I repeatedly recalibrated my eyes throughout and muttered “wow” four or five times—there’s consistently much to look at. Nor is the difficulty level related to narrative legibility: either I’ve gotten smarter (unlikely) or Costa’s taking it easier on viewers (somehow even more unlikely), but this is not tough to follow coming in cold. (I’ll admit I’d totally forgotten hearing Vitalina’s story five years ago—clearly I’m not the target for Costa’s vision.) I laughed when Vitalina bumped her head into a doorframe and cursed the darkness, the smallest of jokes-that-aren’t-really-jokes, and was jolted a few times when Costa (building on similar moments in Horse Money) drops a very loud sound (a dog barking just off-frame etc.) into the meticulous mix—like, of all people, P.T. Anderson, Costa’s not making horror films, but he still likes to add a stinger or two. It’s a somber world with unnerving undertones, designed for awe and discomfort in equal measure, which is very justifiable. If I emerged in a fog, that’s by design—still, this isn’t the exhaustion I crave.

As with Vitalina, one of the related pleasures of Oliver Laxe’s Fire Will Come is the chance to revel in the pleasures of horror movie imagery—night, trees, sinister lighting—without waiting for a shock to land. The intensely gorgeous opening sequence begins with static trees, then their domino-esque collapse, tracked in a left-to-right dolly. A reverse shot eventually reveals the bulldozer responsible for their demise, which isn’t a surprise but the images are still pretty magical: in a post Apichatpong Weerasethakul universe, it feels sometimes like I’ve been watching 20 years of variations on shots of forests, but this one is definitely different. Like There Will Be Blood, the title Fire Will Come is a promise and, at the end, it does, in spectacular fashion.

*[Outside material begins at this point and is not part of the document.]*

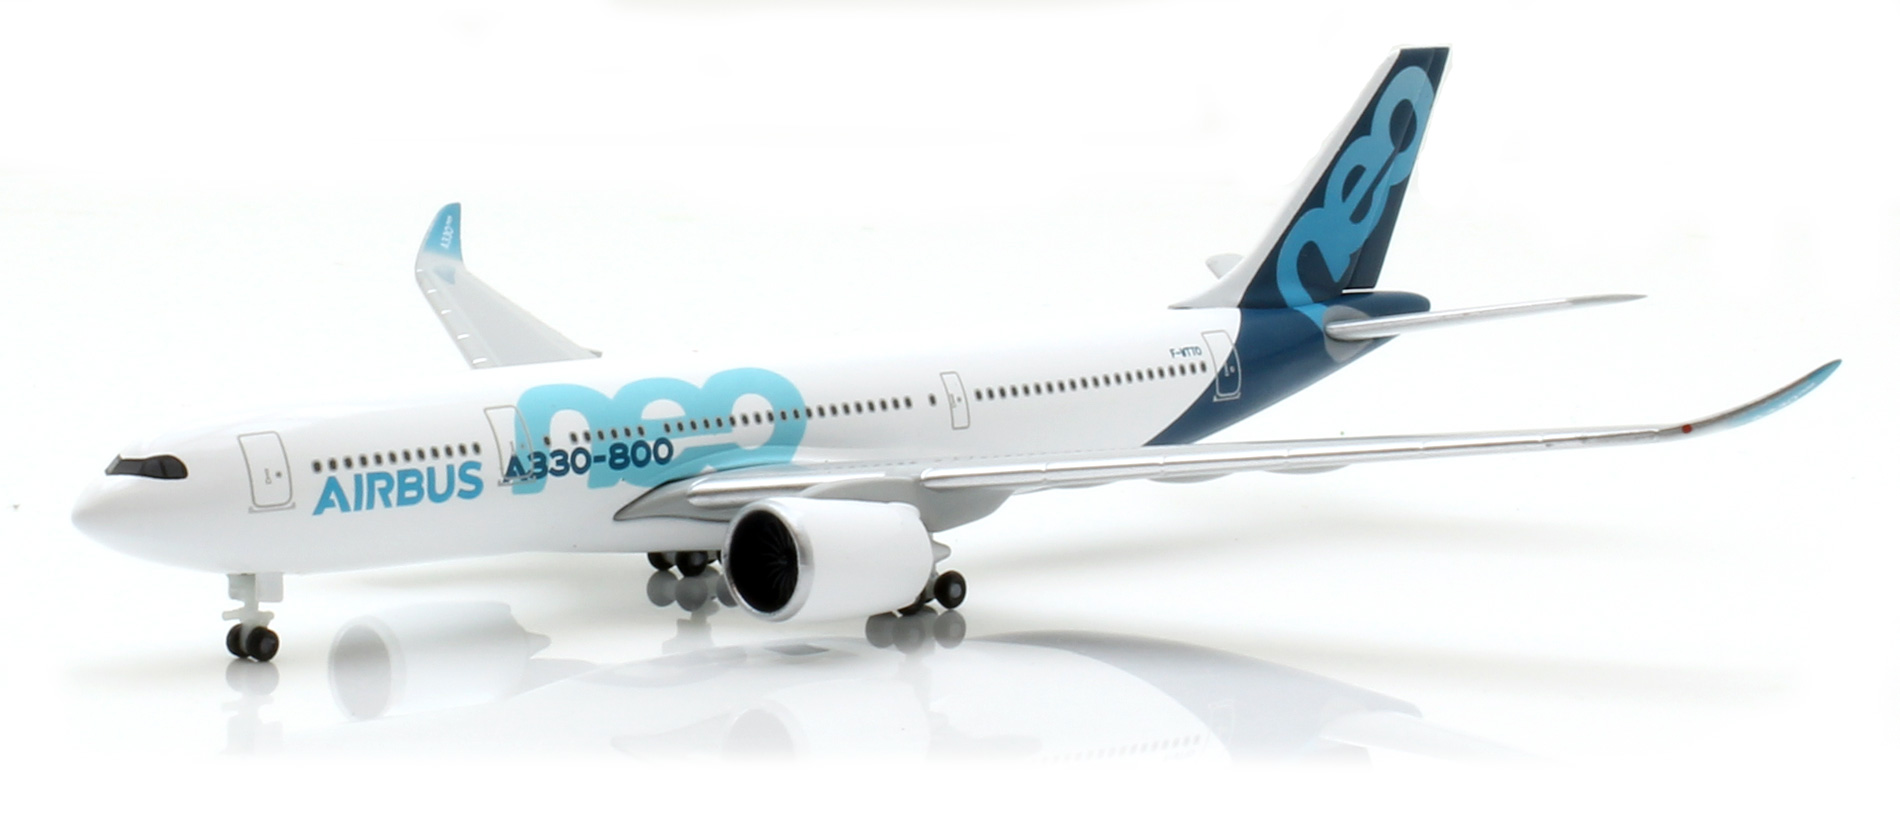 Herpa 533287 vía 1:500 Airbus A330-800 neo modellbahnshop-lippe.com

Captured in 16mm over two consecutive summers (one without actors, one with), the flames are so close as to make you wonder how the equipment didn’t start melting—this is Lessons of Darkness territory.

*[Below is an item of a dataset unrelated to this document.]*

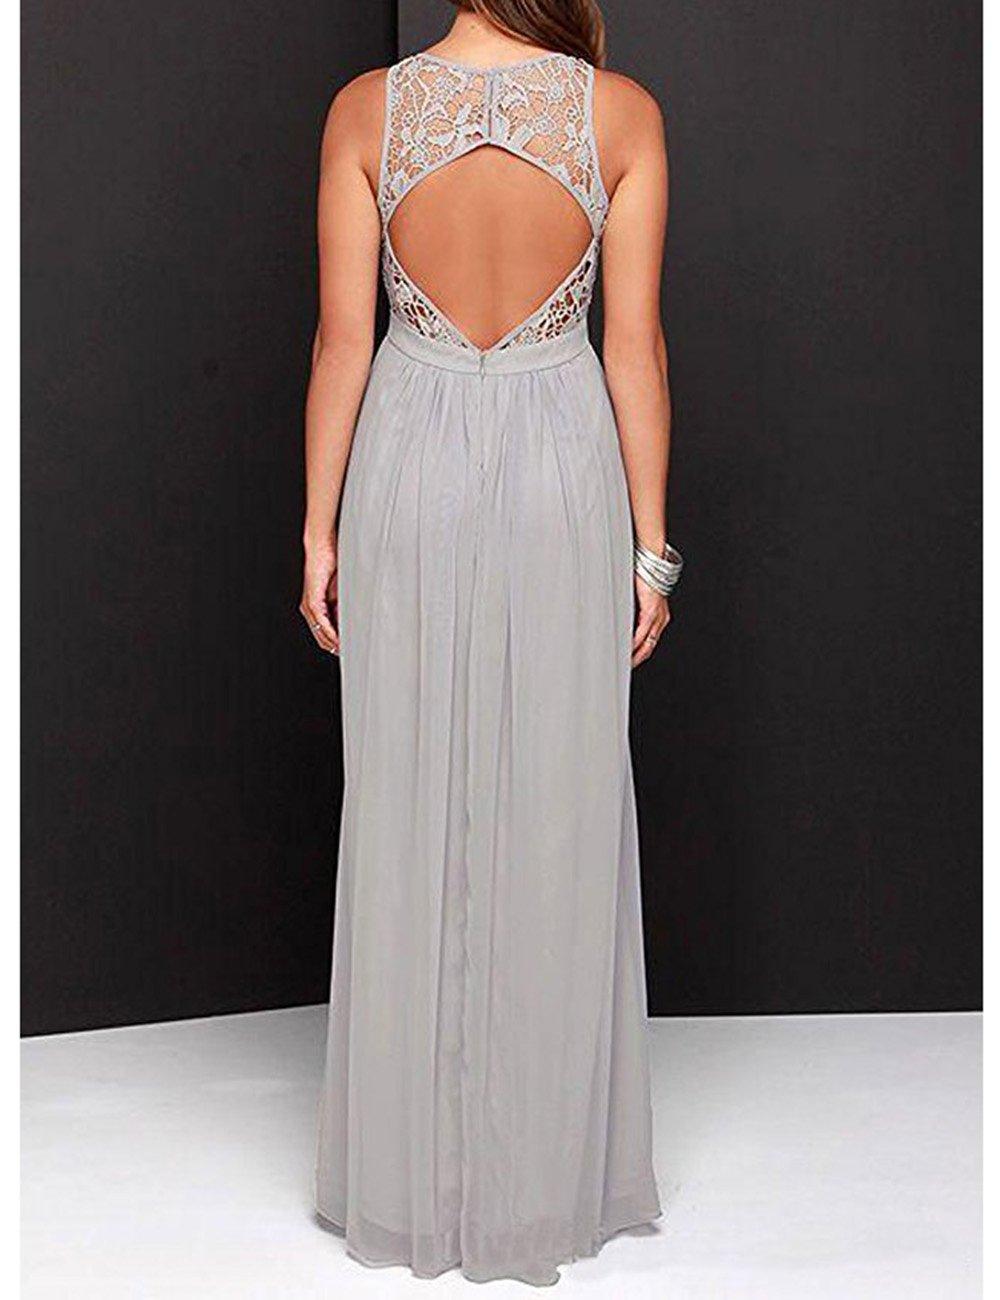 Amazon.com: Beautydress Vintage Long Chiffon Lace Bridesmaid Dress Women BP105: Clothing

Between the open bulldozing and closing flames, Fire Will Come is a determinedly low-key live-with-the-seasons portrait of life in Laxe’s home village in Galicia (his first two features, You are All Captains and Mimosas, were shot in Morocco, where he’s lived and worked for a long time). The sheer physicality of Fire’s opening and close aligns with those two films, which were landscape-based as much as anything and showed a deep affinity for Kiarostami (lots of olive trees swaying in the wind in Captains), echoed here in extreme long shots of cars traversing hillsides and shot/reverse shots of driver/passenger within said cars. The Galician landscape is mediated not just by fires but snow, mist and rain—here, clear, sunny days pop out with abrupt force.

I haven’t yet mentioned the plot—there is one, and it’s pretty slight—but my main note is that, for the first time, Laxe’s ability to mediate narrative and nonfiction footage feels slightly forced. You are All Captains‘s self-interrogating premise had Laxe and his real film school students as versions of themselves, playing with the boundaries of reality and construction; Mimosas‘ obvious arduousness included stunts that looked dangerous and uninsurable, a form of physical reality more forceful than the story being told. Here, the serene story told between dangerous spectacle has its modest pleasures but is comparatively dwarfed by what it’s sandwiched between. Nonetheless, Laxe is one of the most curious filmmakers working right now, and the fact that he hasn’t settled into one storytelling mode yet keeps me curious as to what’s next.